### DATASET EXCERPT
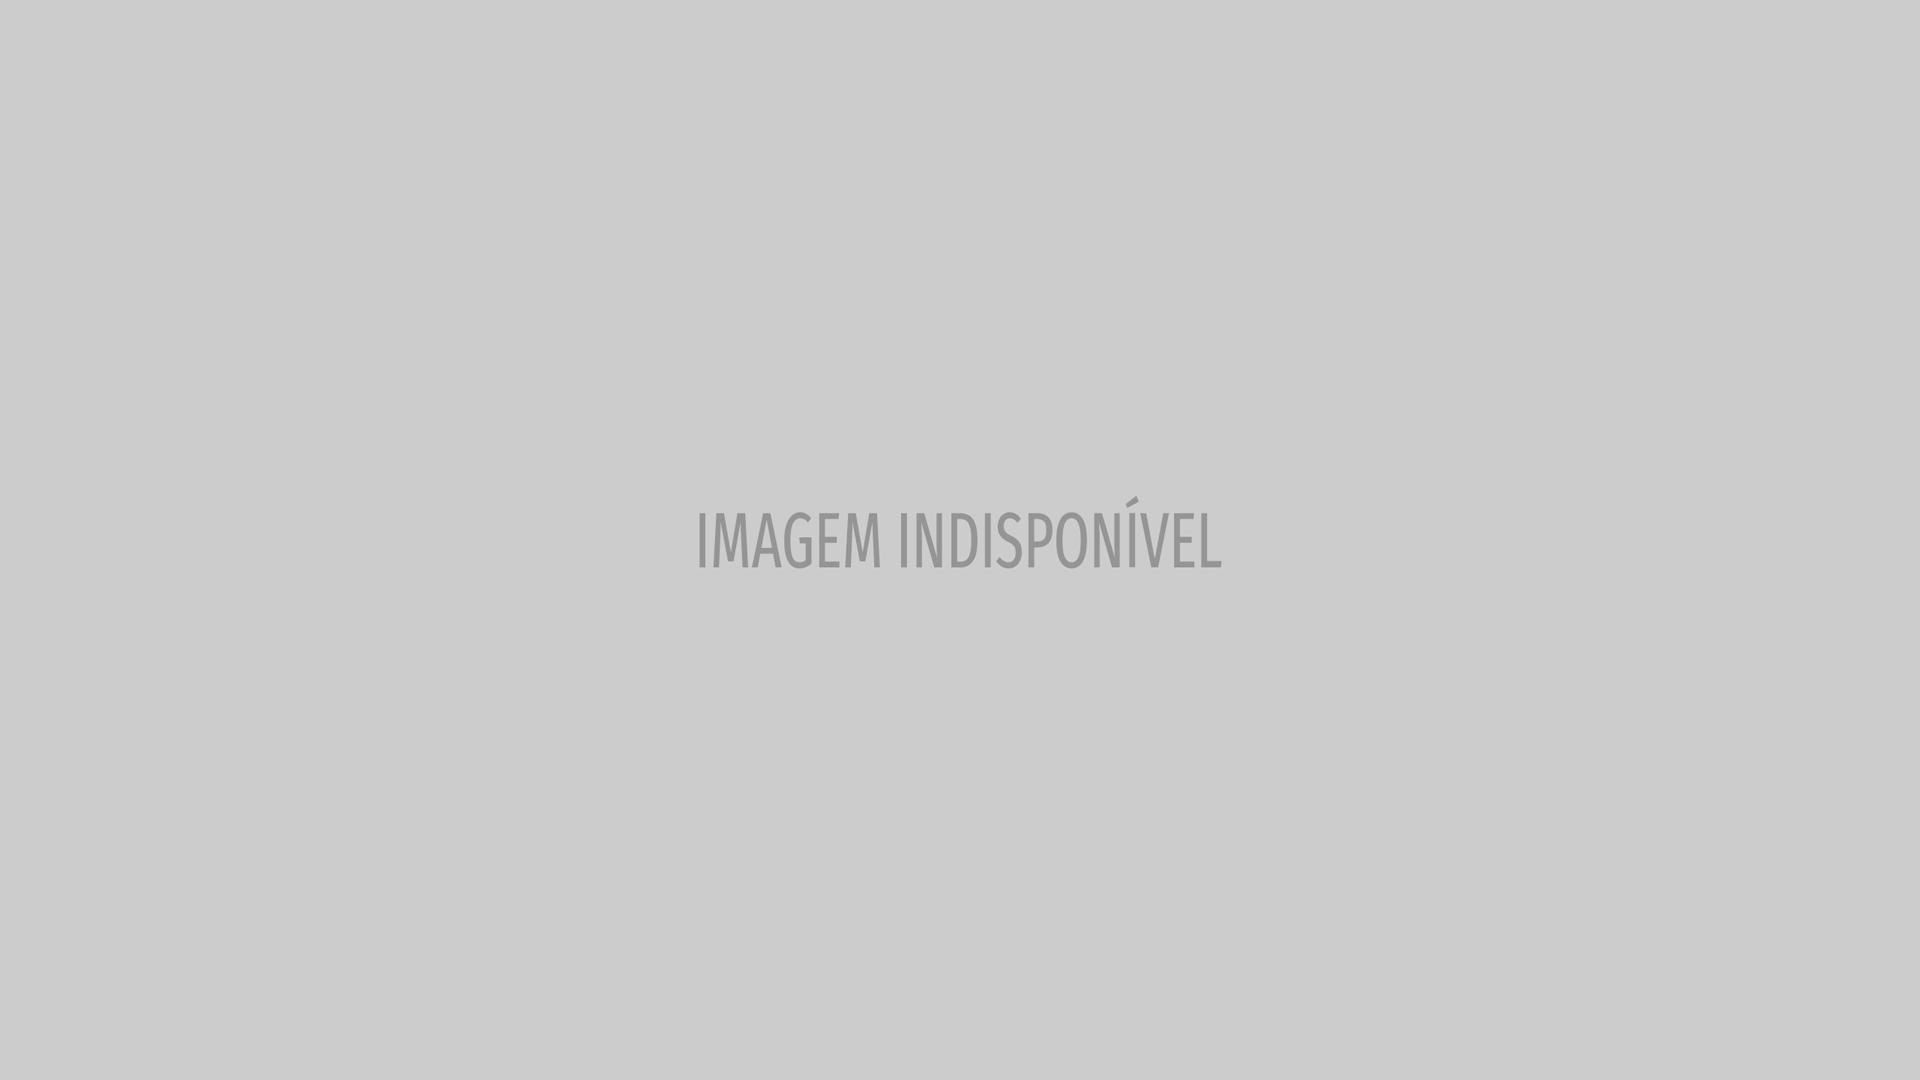 Dona cria página online para devolver coisas roubadas... pelo gato
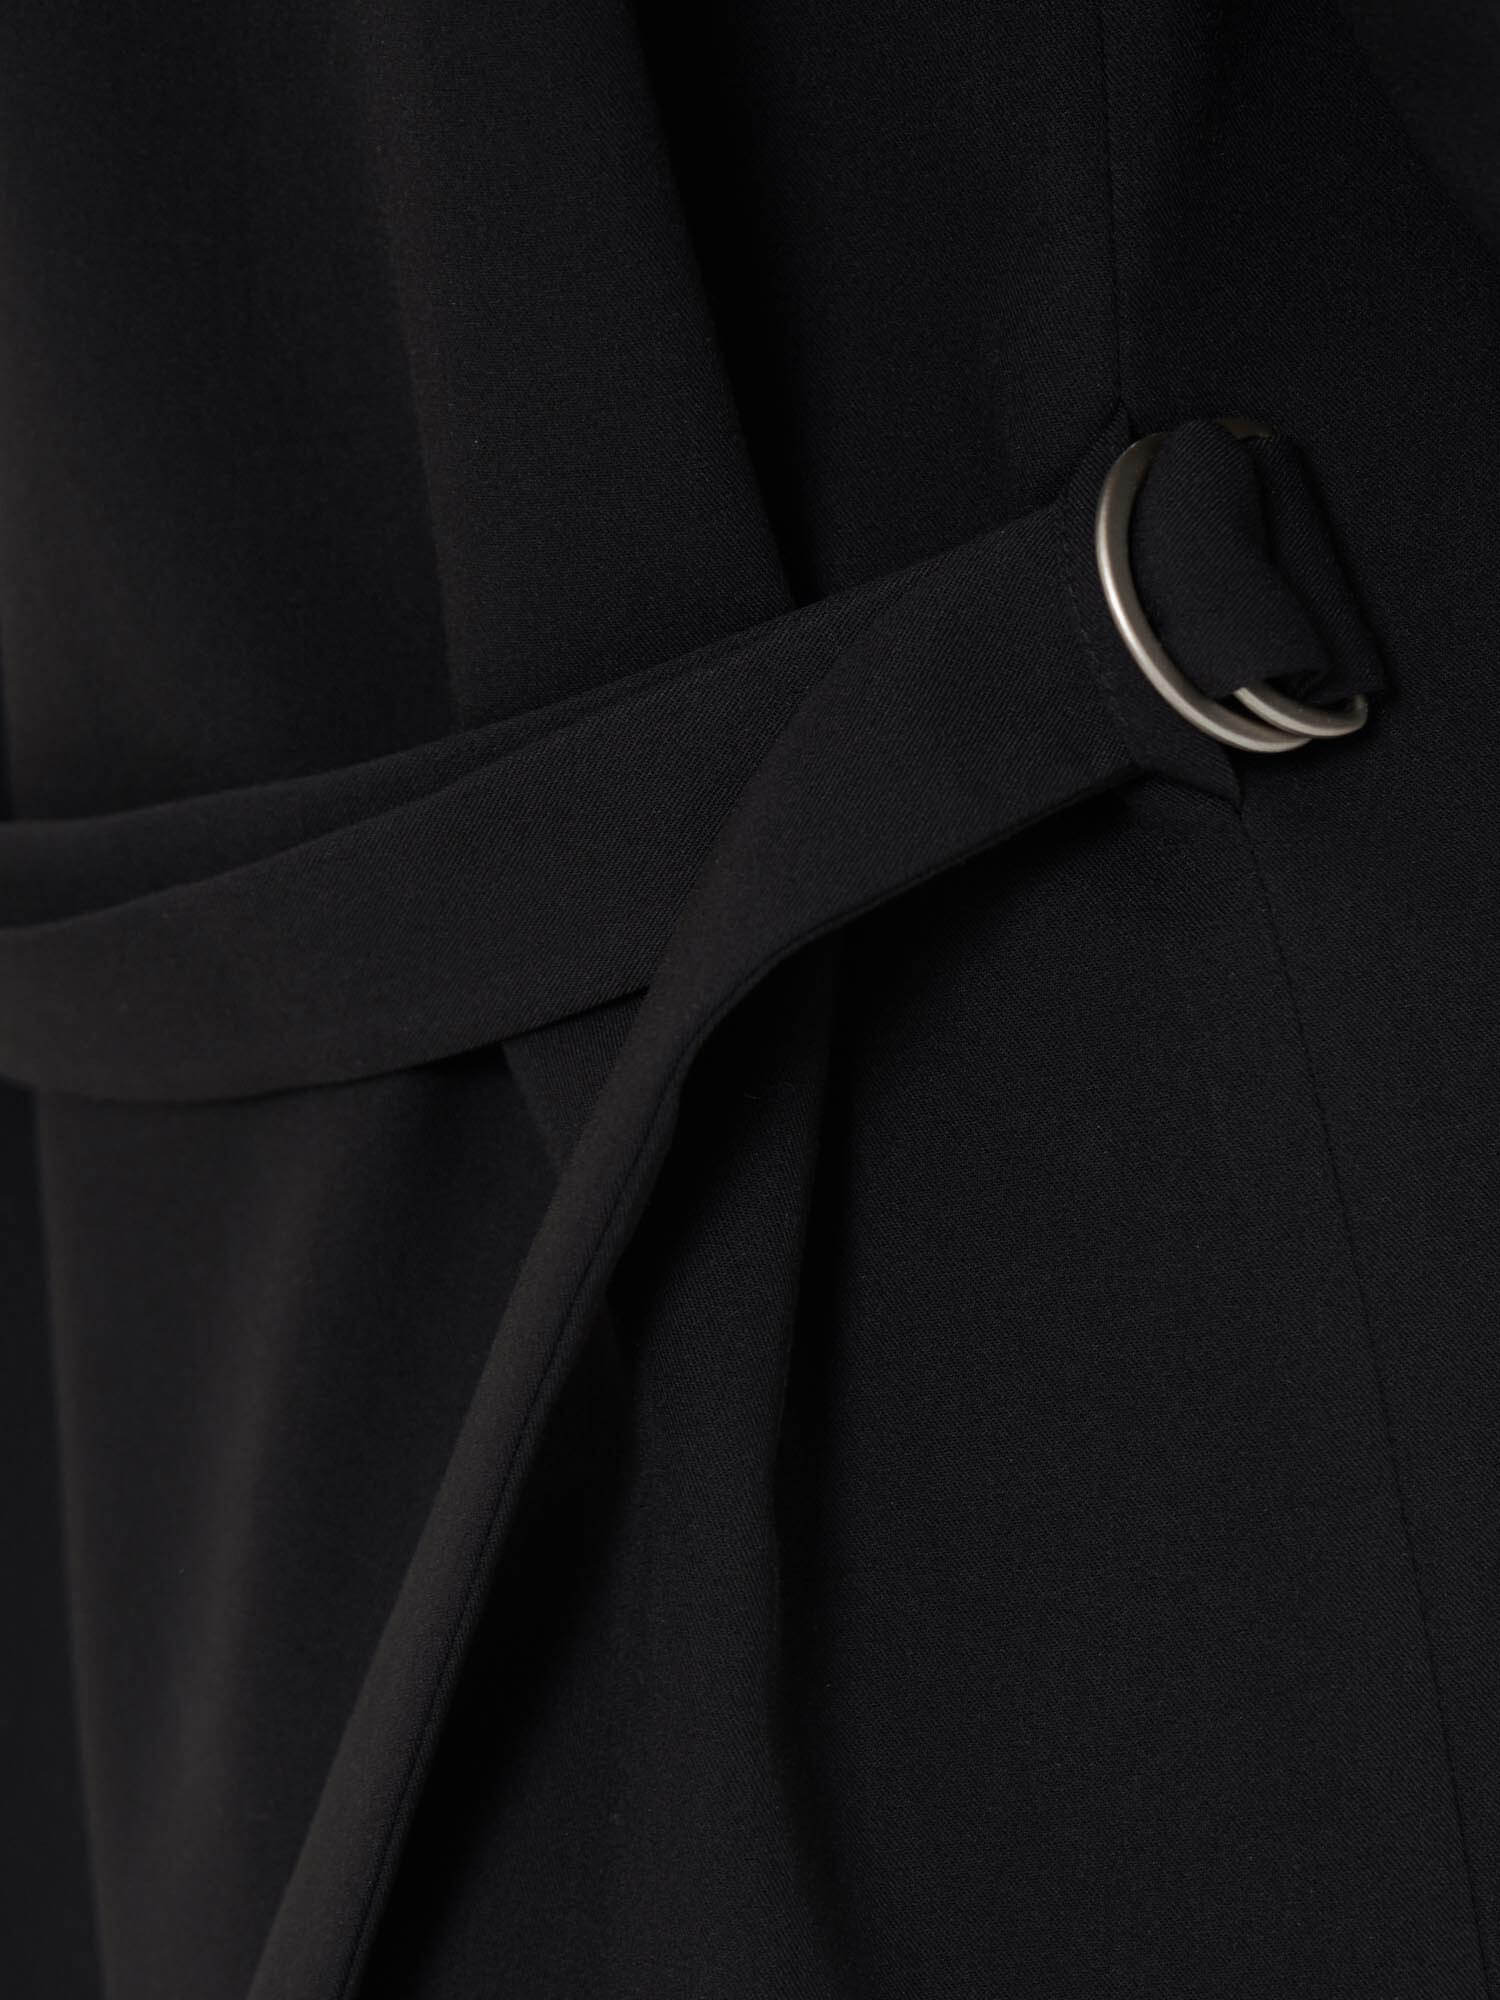 Платье-рубашка Ester, Черный
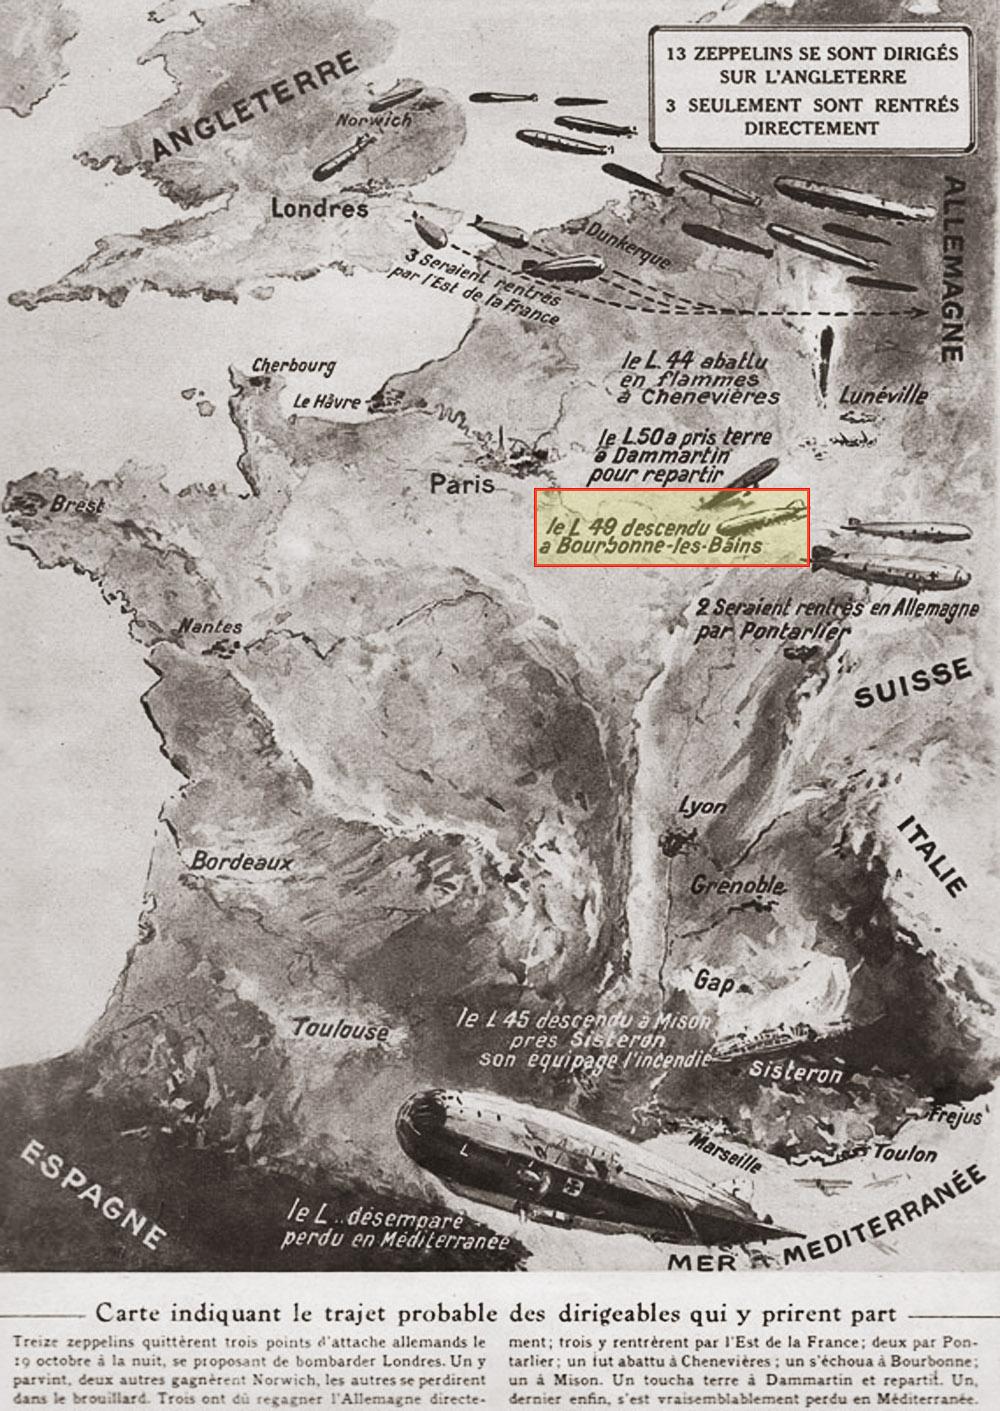 cate de l'offensive des 13 zpellepins 20 10 1917

### TASK DESCRIPTION
Starting with the line that holds "Платье-рубашка Ester, Черный", transcribe exactly each line through the last one of the material above, and nothing else. Do not include pictures.

### ANSWER BOX
 Платье-рубашка Ester, Черный
 cate de l'offensive des 13 zpellepins 20 10 1917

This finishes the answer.